Le jeune homme acquiesça, et Audrey ne posa pas plus de questions que ça.
Il était évident que les deux adolescents n'avaient aucune envie de rentrer à leur époque, mais malheureusement, ils savaient que sans identité ni argent, ils ne feraient pas long feu dans ce monde.
Par conséquent, ils savaient très bien que leur retour vers le futur était inévitable. Néanmoins, ils espéraient au moins pouvoir revenir dans le passé. Juste pour pouvoir à nouveau échapper à leur dure réalité.
Ainsi, après être descendus du toit, Audrey, Emilia et Luka se retrouvèrent avec les autres devant la porte d'entrée de la salle d'arcade.

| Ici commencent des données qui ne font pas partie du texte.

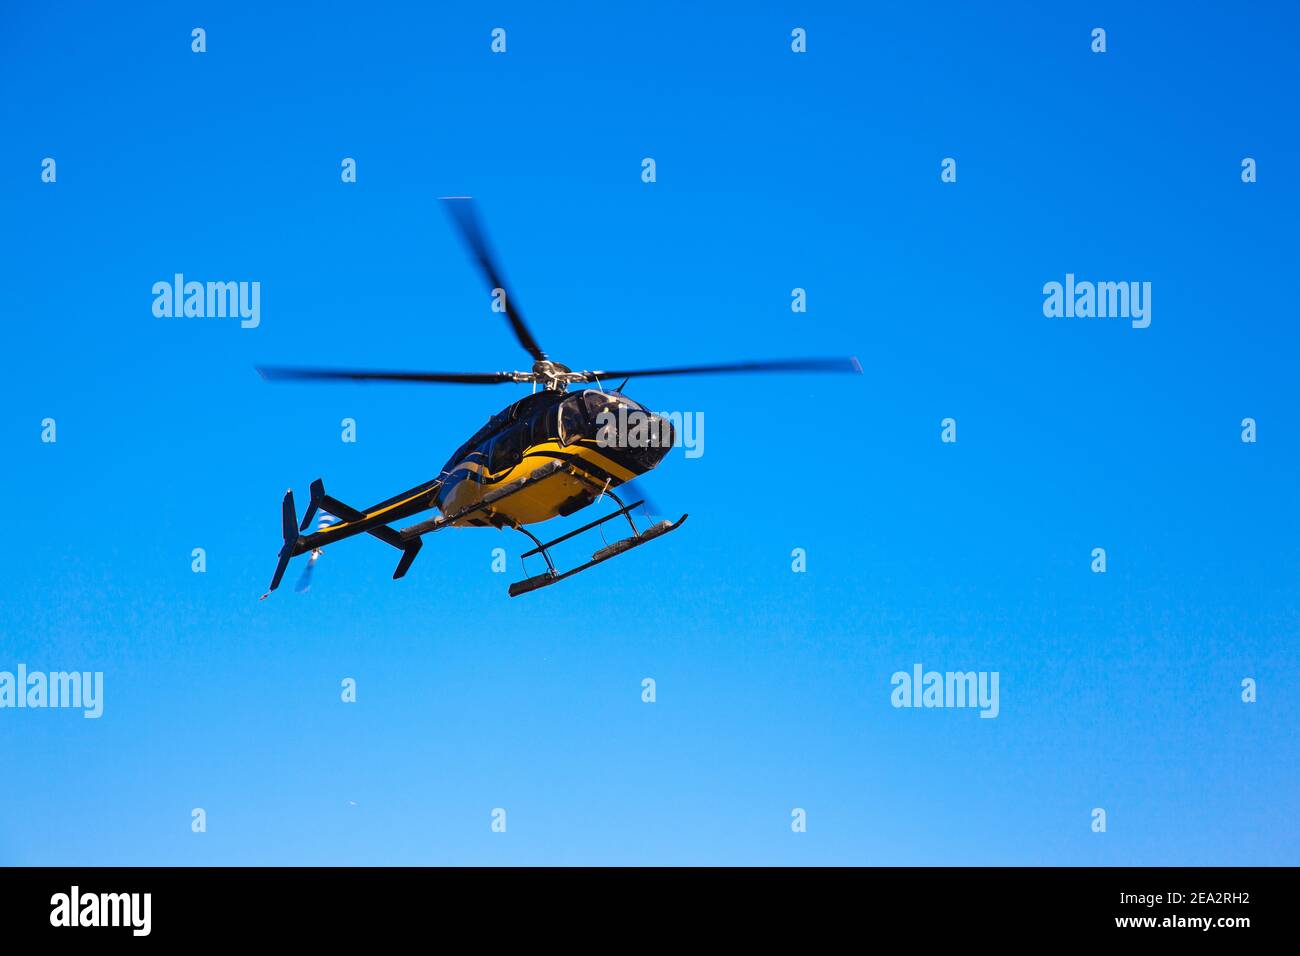 Der isolierte schwarz-gelbe Hubschrauber fliegt in den Himmel. Stockfoto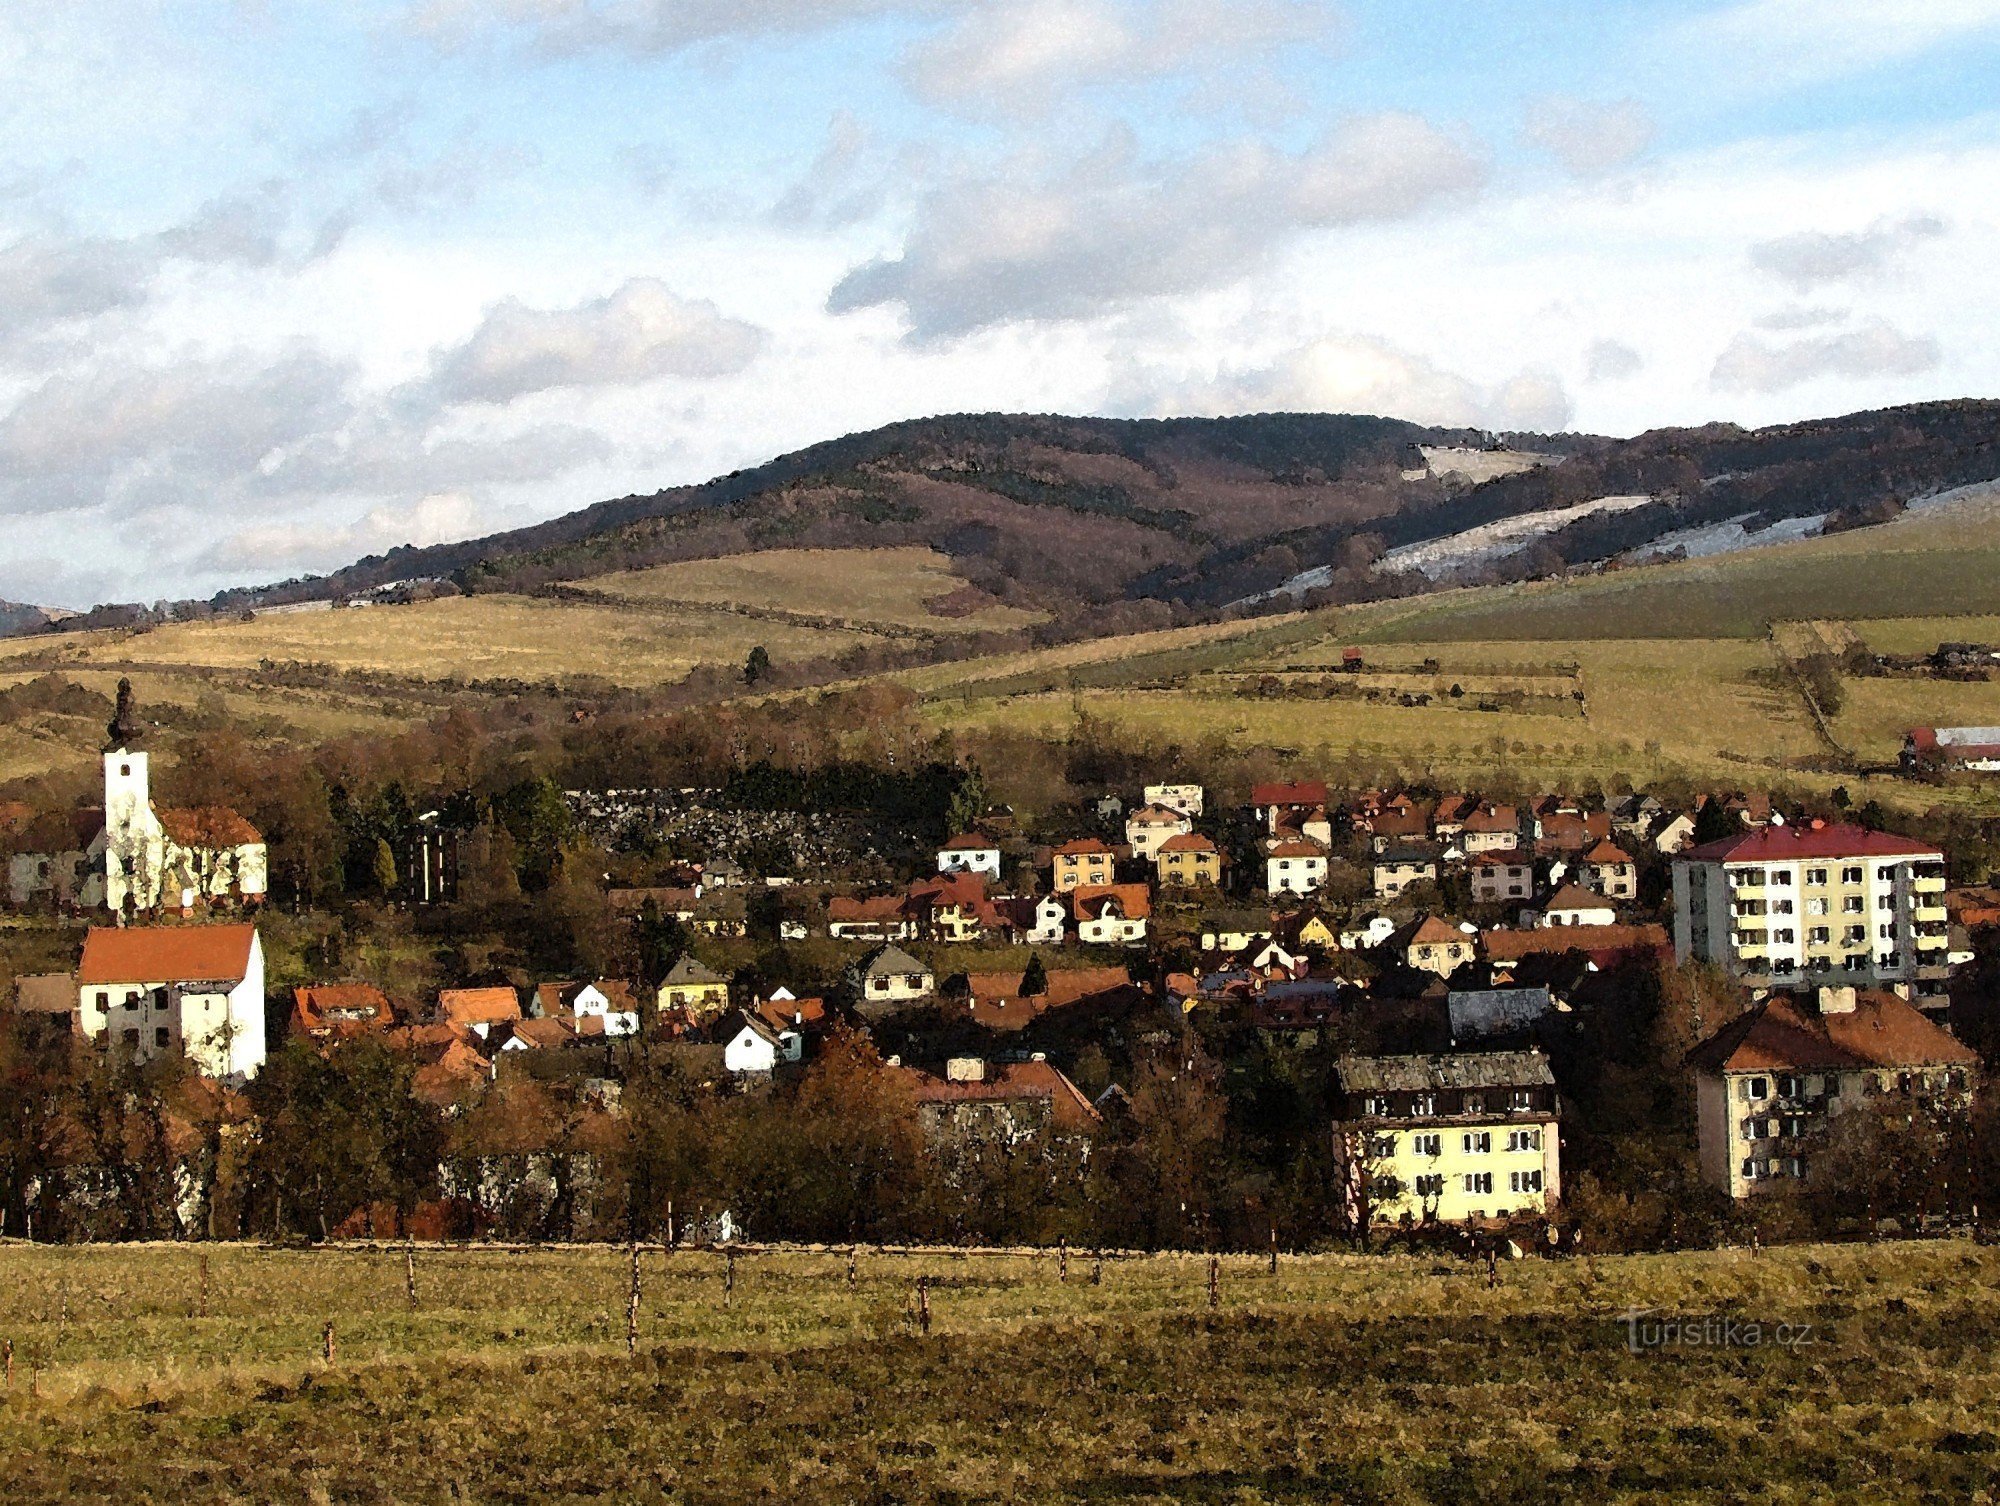 de stad Brumov - Bylnice op de achtergrond met Holý vrch

— J'espère que mon père ne se doutera de rien... souffla Delphine tout en verrouillant la porte vitrée.
— T'en fais pas, dit son amie en posant une main sur son épaule. Il n'en saura rien.
— Et puis, s'il y a le moindre problème, tu nous appelles ! déclara Eric.
— Ouais, on inventera un truc, ajouta Greg en allumant une cigarette. T'inquiète pas.
La blonde baissa la tête et acquiesça sans trop d'assurance. Ensuite, après quelques secondes de réflexion, elle leva la tête en direction d'Emilia et Luka et leur lança :
— Alors, est-ce que nous vous reverrons bientôt ?
Les deux adolescents échangèrent un regard.
— Peut-être, ça dépendra de sa grand-mère, mentit Emilia en désignant son ami.
— Je croyais que c'était chez sa tante que vous étiez en vacances ? demanda Eric.
— Oui c'est ça, c'est juste que c'est mon arrière-tante, c'est pour ça qu'Emilia a parfois du mal avec ça... enchaîna Luka.
La jeune fille approuva et poussa un soupir de soulagement. Elle remercia intérieurement le jeune homme d'avoir rattrapé sa boulette. Parfois, il était vrai que cette dernière avait du mal avec les mensonges inventés à la dernière minute, car se problèmes de concentration ne l'aidaient pas à retenir les petites informations d'une discussion...
Pourtant, avant, elle y arrivait bien. Mais depuis que la mélancolie s'était emparée de l'adolescente, elle avait du mal à y voir clair dans sa tête. Son esprit s'égarait sans cesse dans des pensées sombres et négatives...
Par conséquent, avant de se séparer d'eux, les adolescents donnèrent à Emilia et Luka un petit bout de papier sur lequel il y avait une adresse.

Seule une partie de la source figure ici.